In the inquisitorial system the judge plays a larger role and may have a bias in one form or another. The judge is the one determining who is guilty based on his line of questioning. So what happens if the judge takes a secret bribe? This happens a lot all over the world.

At least when you look at the differentness between an adversarial system vs. inquisitorial system you can conclude that you have a better chance at a fair trial with the adversary system because not only does

your side get to put out all of your facts with respect to the case, but you will also be judged by an independent jury of your peers.

Juries are usually very impartial and any juror not adhering to these rules will be dismissed and another juror will step in.

In the inquisitorial system you are really at the mercy of the judge and you have to hope that he sides with you. I think judges are people like everyone else and they form their own bias which will not be fair to some defendants.

latte31
Post 2

@Cafe41 -I agree with you and along the same point I wanted to say that this is why people are wrongfully convicted of crimes that they did not commit. I was watching a television show about a man that was sent to prison for armed robbery.

Since the defendant had a criminal past and he had to rely on a public defender he was convicted. The victim gave eye witness testimony that this man was the suspect that tried to rob him at his store, but he was picked out of line up in a book.

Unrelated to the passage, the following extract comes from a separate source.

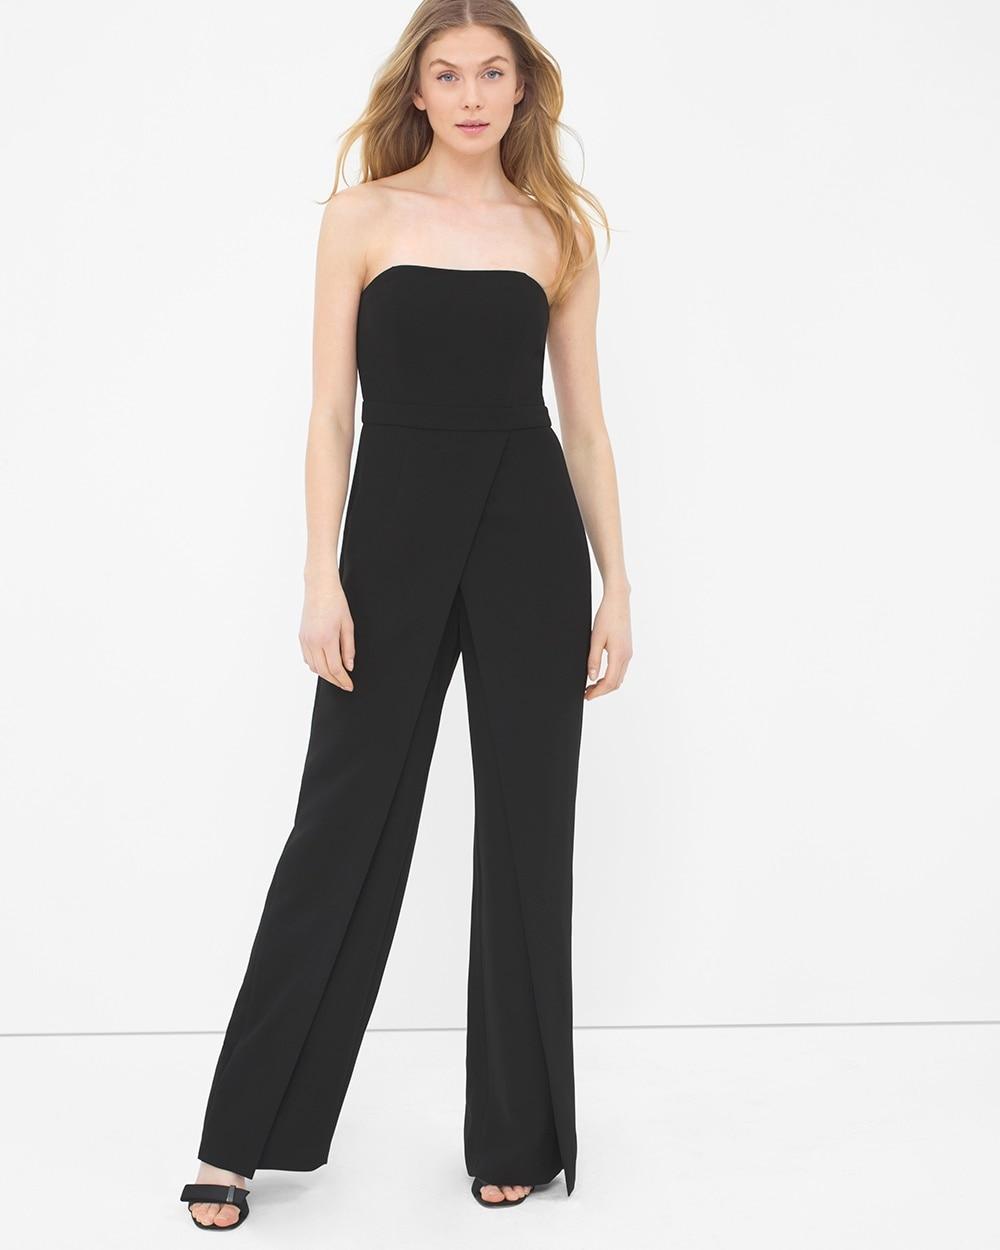 Convertible Black Strapless Split Pant Jumpsuit White House Black

He said that the suspect was 6’1 and the jury heard this circumstantial evidence and convicted the man. Since he had a

previous criminal record this conviction sent him to prison for twenty years. Later on, his wife with the help of a private investigator was able to find out who actually committed the crime and the jailed man was later released and the other suspect was arrested.

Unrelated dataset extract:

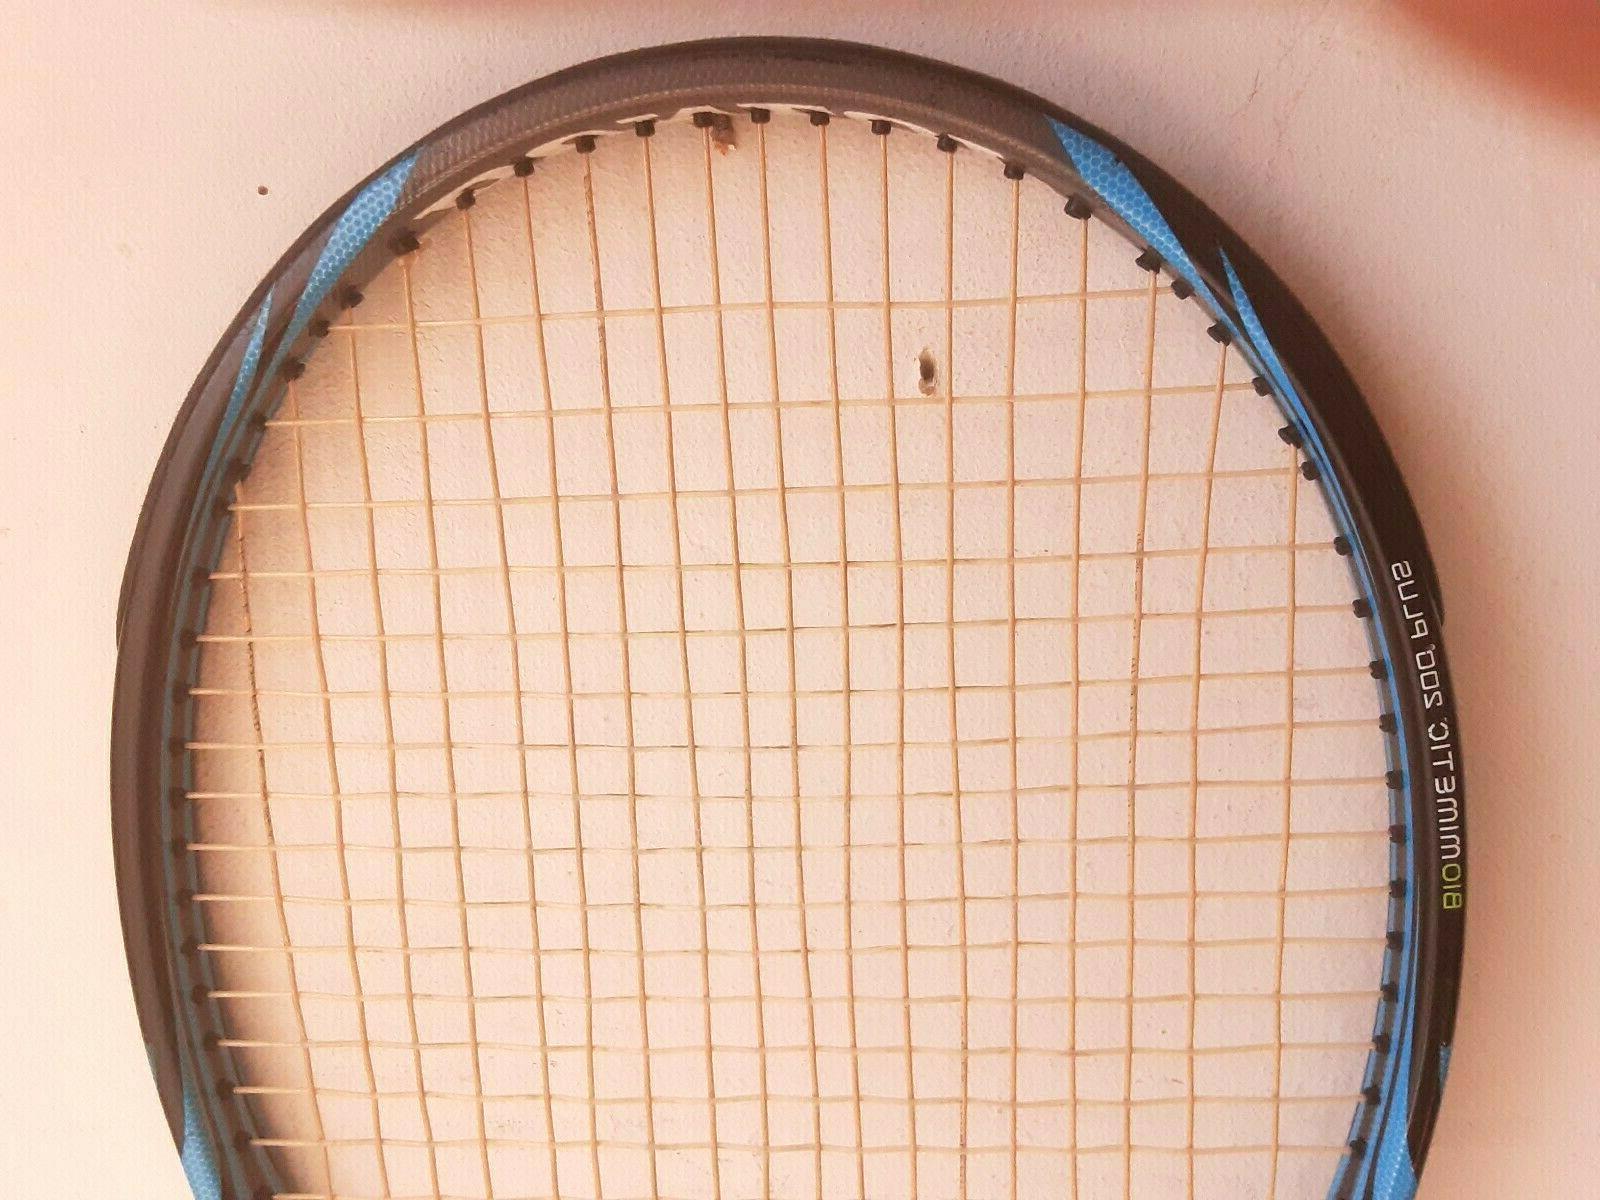 Dunlop Biomimetic 3/8 Racquet

The suspect was 5’8” nowhere near the 6’1” description that the victim initially gave the police. This is what can happen in the adversarial system which is why we have to figure out a way to prevent tragedies like this from happening.

The jury was influenced by the criminal past of the defendant and the eye witness testimony of the victim. The fact that the criminal past was able to be brought up already set up this defendant for failure. The criminal procedures should be fair and they usually are, but they weren’t in this case.

cafe41
Post 1

I understand the reason behind the adversarial system of justice but I do see the pitfalls too. It really amounts to who has the better lawyer.

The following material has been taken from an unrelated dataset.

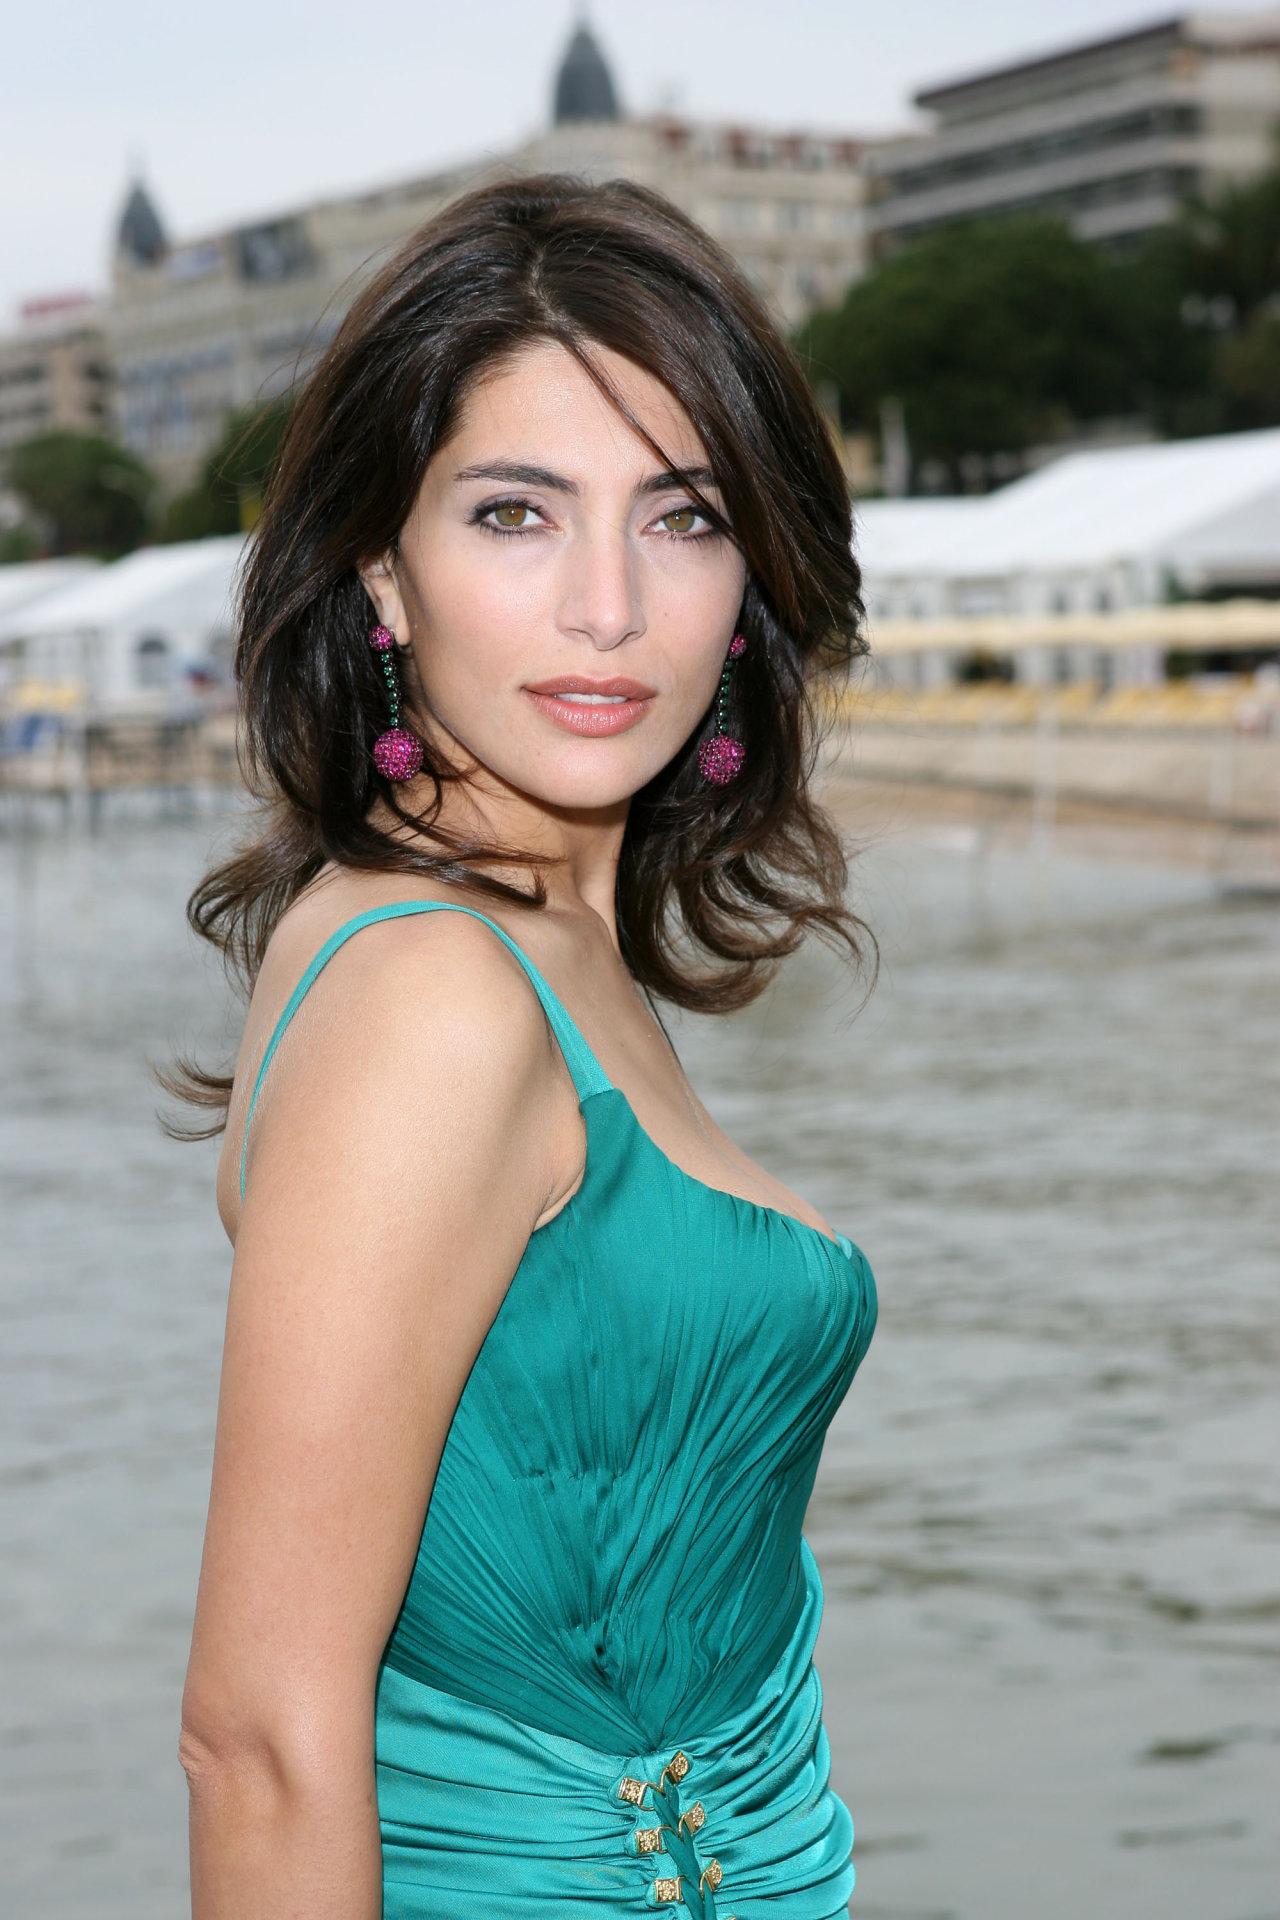 Caterina murino celebrity movie

If you think about it this is unfair because a wealthy person with unlimited means can have a team of lawyers and will probably face an acquittal because the odds are more favorable if you have that many high powered attorneys working on your case.

The regular Joe might have to go with a public defender that is usually overworked and has limited resources. The regular Joe has a higher chance of being convicted not because he may be guilty but because his lawyer does not have the manpower and the funds to be as detailed as a private attorney would.

Sometimes innocent people get convicted because their attorney was not as good. That does not seem fair to me.